Откуда было знать Вахиду, что в далеком Эдинбурге ученые разглядывали странную клетку, исторгающую ген смерти, и даже пробовали убить ее вакциной, но ничто не давало результата. Были посчитаны дети, не знавшие войны и убийств, и было решено собрать «чистых» отдельно, чтобы вырастить поколение, не способное убивать и ненавидеть. Там и сям собирались резервации, без полной уверенности, без особых надежд, но со страстью – убить войну, если не сейчас, то хотя бы через время.
А что делать с инфицированными людьми?
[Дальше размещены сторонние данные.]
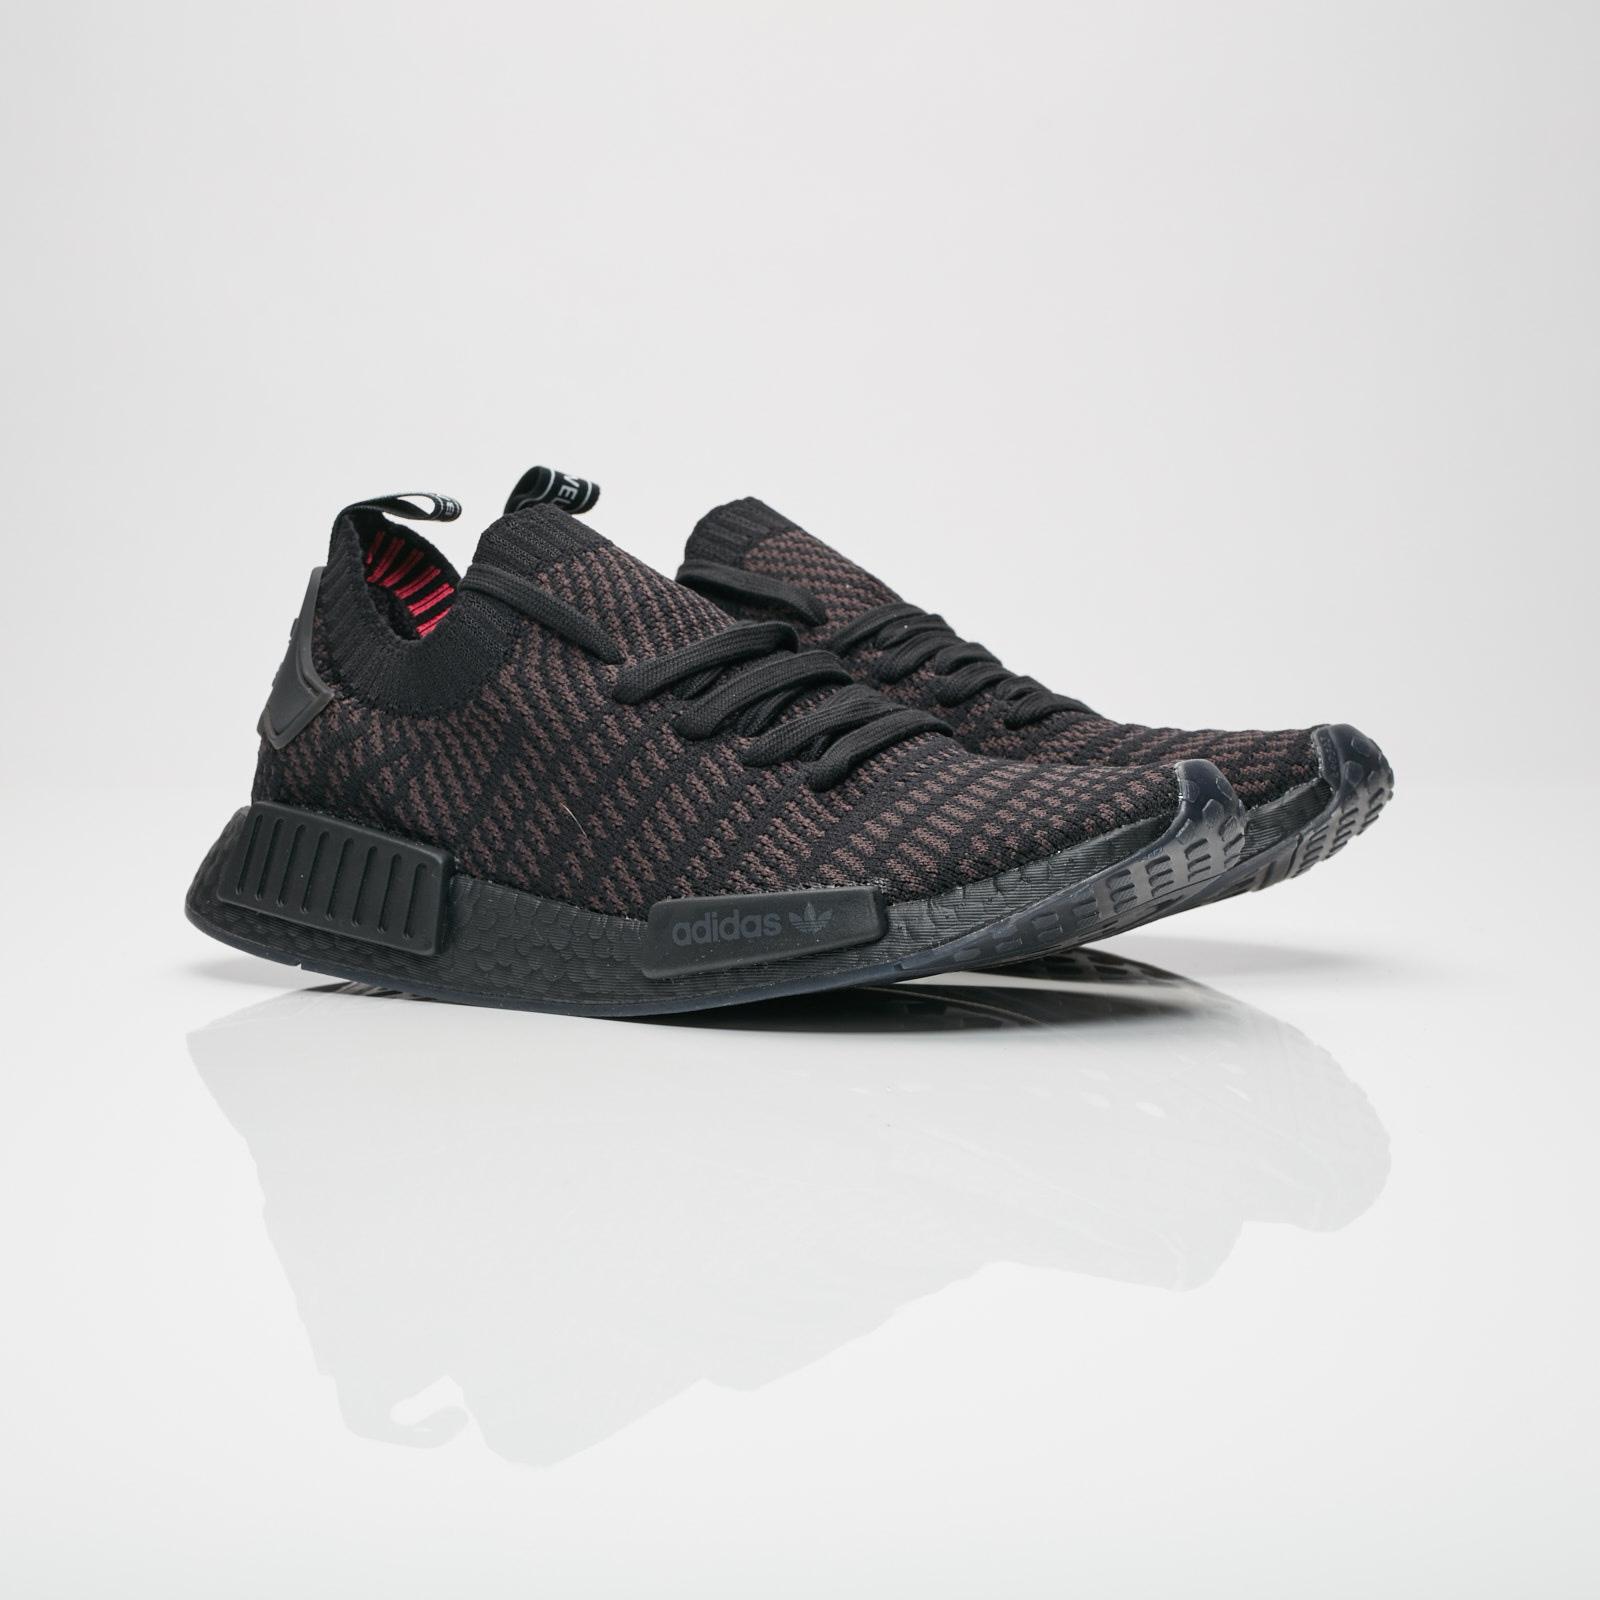 d9a16f0f7e984 adidas NMD R1 Stlt PK - Cq2391 - Sneakersnstuff

И кто-то из ученых сказал, что это тот случай, когда надо прибегнуть ко злу, то есть к уничтожению. Но те, кто сделает это, должны добровольно умереть, ибо иначе одни просто заменят других.
Уже было доказано, что гена смерти нет у хищников, потому что у них нет души. Только одушевленный, этот ген толкает убить себе подобного. Война превращала людей в нелюдей, и не было, не могло быть, исходя из человеческого предназначения, войн праведных, убийств законных и смертей справедливых. Потому что часть человечества не несла в себе гена смерти изначально, и ничто не могло заставить таких людей взять в руки оружие. Но была и другая, большая часть…
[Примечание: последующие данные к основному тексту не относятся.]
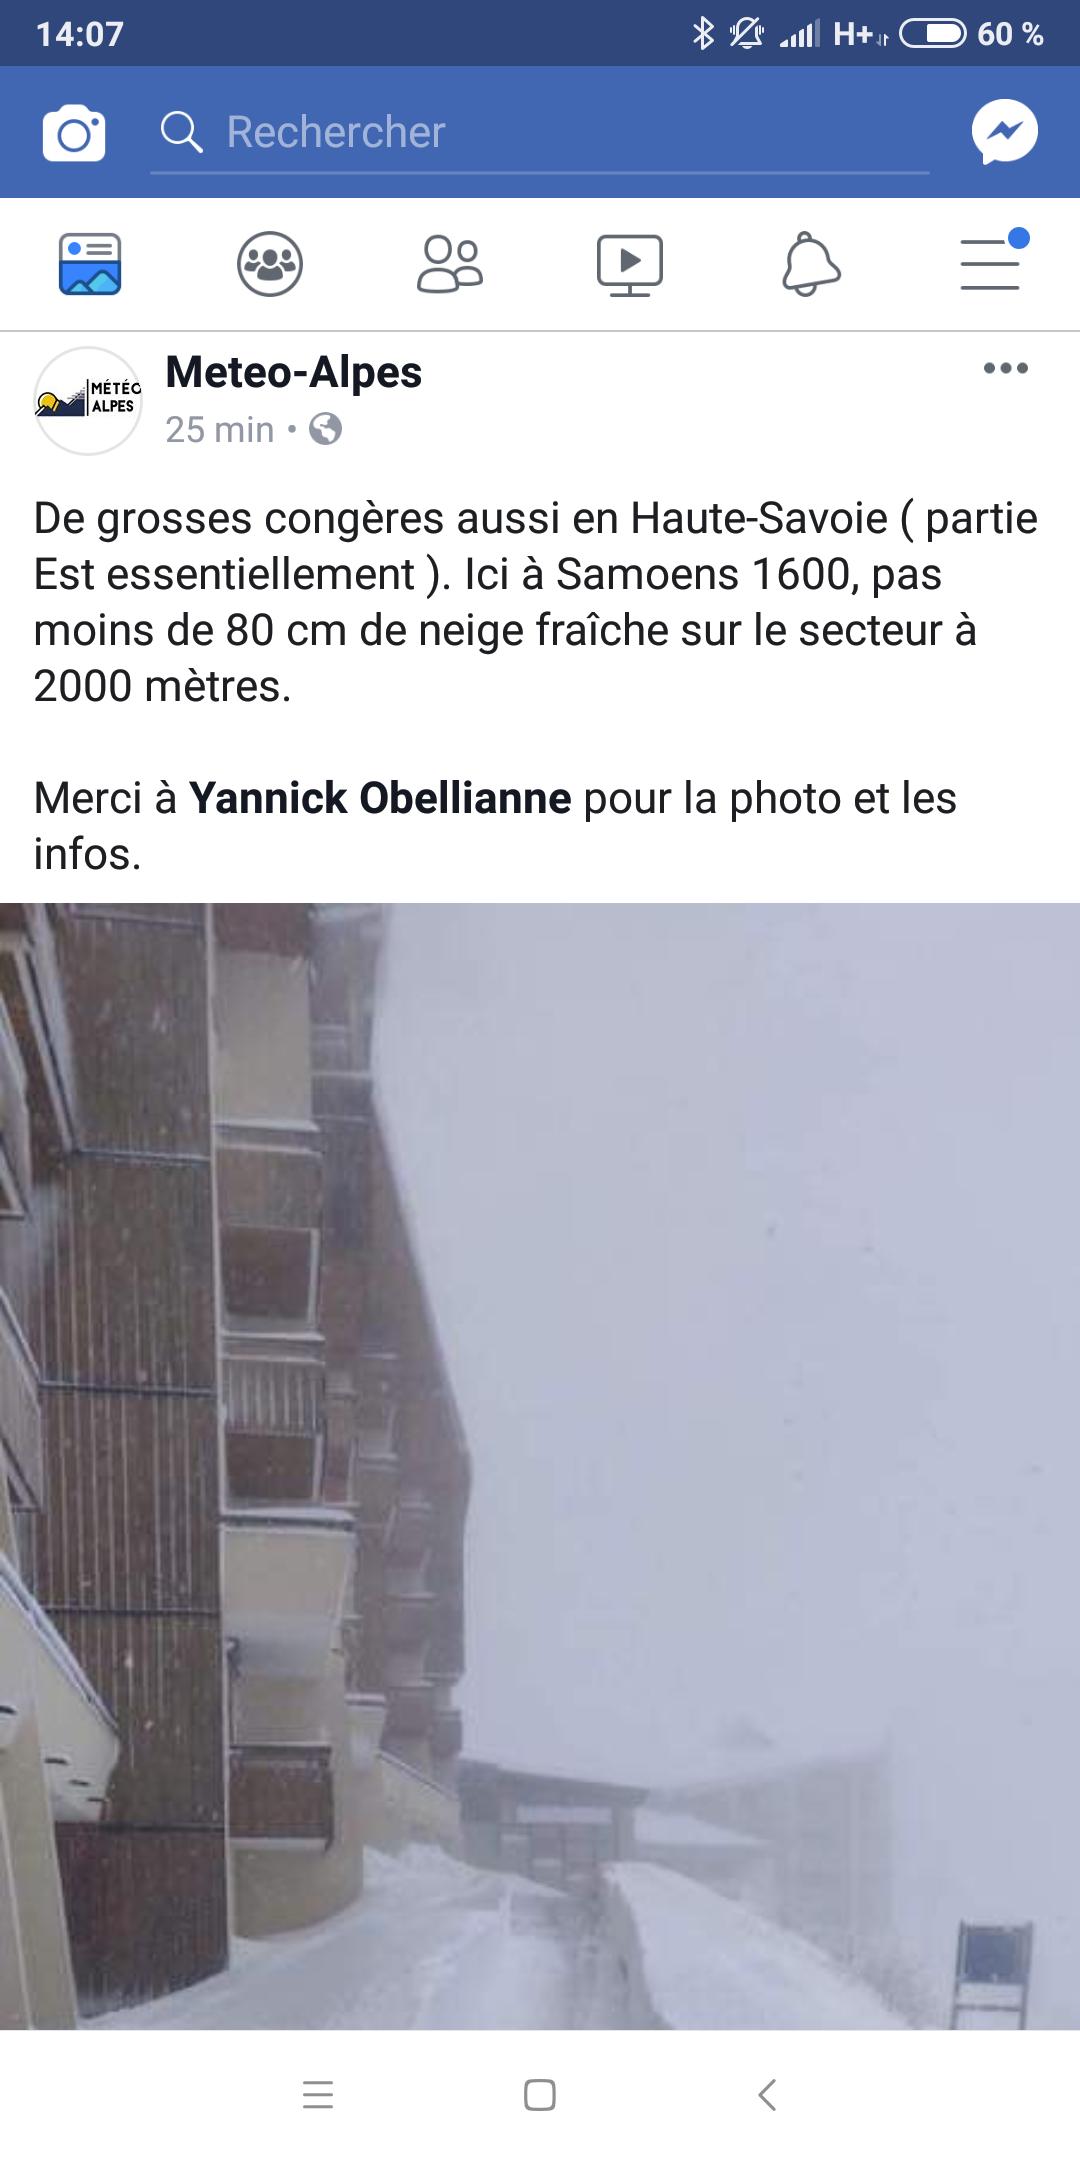 Screenshot_2018-12-10-14-07-13-187_com.facebook.katana

Вахид глядел на ночную Башлам-гору. Сколько она видела смерти! А ведь сказано, что вблизи Башлам нельзя творить ни малейшего зла. Что ты скажешь мне на это, Башлам? Что сама ты бессмертна, и только?
В последнее время стало совсем тревожно. Ночью рычала земля. Вахид не мог понять эти звуки, но они шли как раз от Башлам, от Эльбруса. С красавца Эльбруса в момент рычания серебристо ссыпался снег и таял. И ночная луна подсвечивала этот ссып и таяние, а где-то в горле земли откашливались горы.
Если, Аллах, ты устроил мир так, что вечными могут быть только горы, то зачем тебе люди? Какую роль готовишь ты им там у себя, позволяя убивать их каждодневно? А ты, Иисус, ты же знаешь боль смерти, как никто, ты принял на себя наши грехи. Кому стало от этого легче? А сколько крови пролилось твоим именем?.. Нет, не получался у Вахида разговор с небесными царями. И как-то сама собой пришла простенькая, как полевая мышь, мысль, что не с того конца он ищет истину. Все дело в человеке, в каком-то его изъяне. Что-то не так в нем самом.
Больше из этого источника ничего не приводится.